Variation Simulation of Stresses Using the Method of Influence Coefficients

[+] Author and Article Information
Samuel Lorin

e-mail: samuel.lorin@chalmers.se

Lars Lindkvist

e-mail: lali@chalmers.se

Rikard Söderberg

e-mail: rikard.soderberg@chalmers.se
Department of Product
and Production Development,
Chalmers University of Technology,
Gothenburg SE-412 96, Sweden

1Corresponding author.

Contributed by the Design Engineering Division of ASME for publication in the JOURNAL OF COMPUTING AND INFORMATION SCIENCE IN ENGINNERING. Manuscript received August 22, 2013; final manuscript received September 24, 2013; published online November 14, 2013. Editor: Bahram Ravani.

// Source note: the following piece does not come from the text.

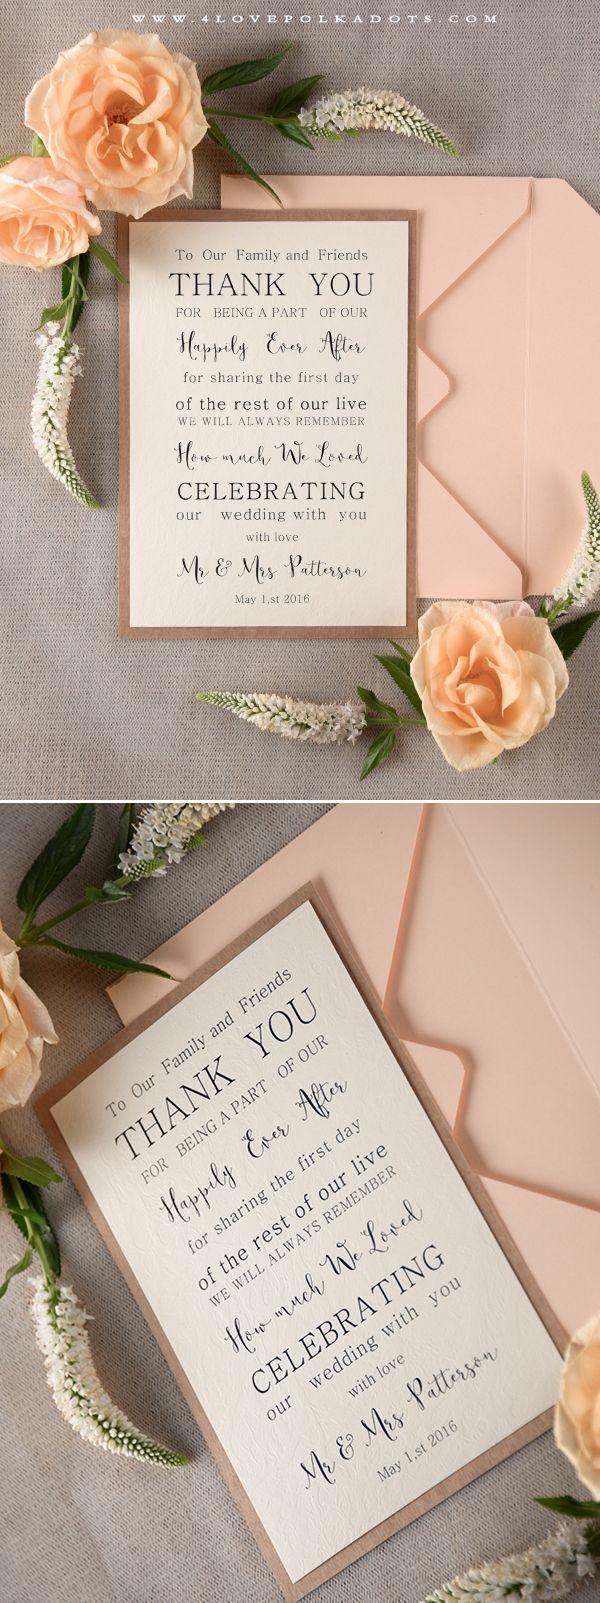 Modest Romantic Wedding Thank You Card #thankyou #romanticwedding #summerwedding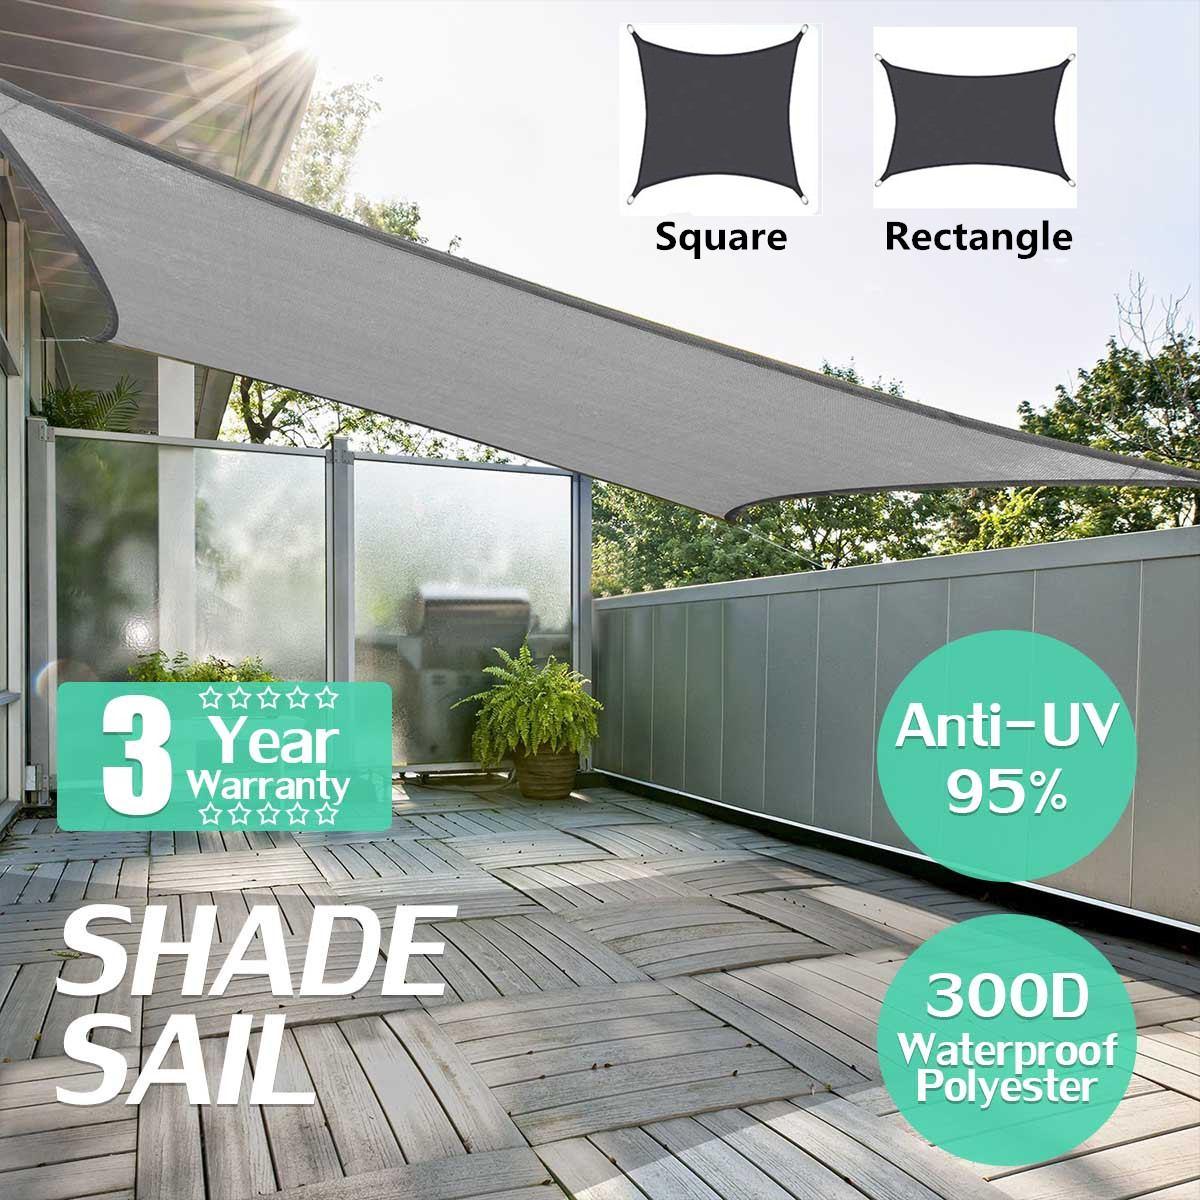 Waterproof 300D Black Square Rectangle Shade Sail Garden Terrace Canopy Swimming Sun Shade Camping Hiking Yard Sail Awnings

J. Comput. Inf. Sci. Eng 14(1), 011001 (Nov 14, 2013) (7 pages) Paper No: JCISE-13-1162; doi: 10.1115/1.4025632 History: Received August 22, 2013; Revised September 24, 2013

In every manufacturing situation there are geometric deviations leading to variation in properties of the manufactured products. Variation affects the manufacturability, functions and aesthetics of the products. Therefore, a number of methods and tools have been developed during the last 20 yr in order to assure the geometric quality and to minimize the effect of variability. These methods and tools have mainly been developed for rigid- or sheet metal components. Plastics or composites have been an increasingly popular material due to their flexible mechanical properties and their relative ease in manufacturing. However, their mechanical properties are introducing challenges that have not often been addressed in the process of geometry assurance. One challenge is to assure that the stresses introduced, as a consequence of non-nominal assembly, are kept well below critical limits during the conditions of use. In this paper, we are proposing the use of the method of influence coefficients (MIC) to simulate the distribution of von Mises stresses in assembled components. This method will be compared to the more flexible but computationally much heavier direct Monte Carlo (DMC) method, which is not suitable for variation simulation due to the large number of runs required for statistical inference. Two industrial case studies are presented to elicit the need of the proposed method.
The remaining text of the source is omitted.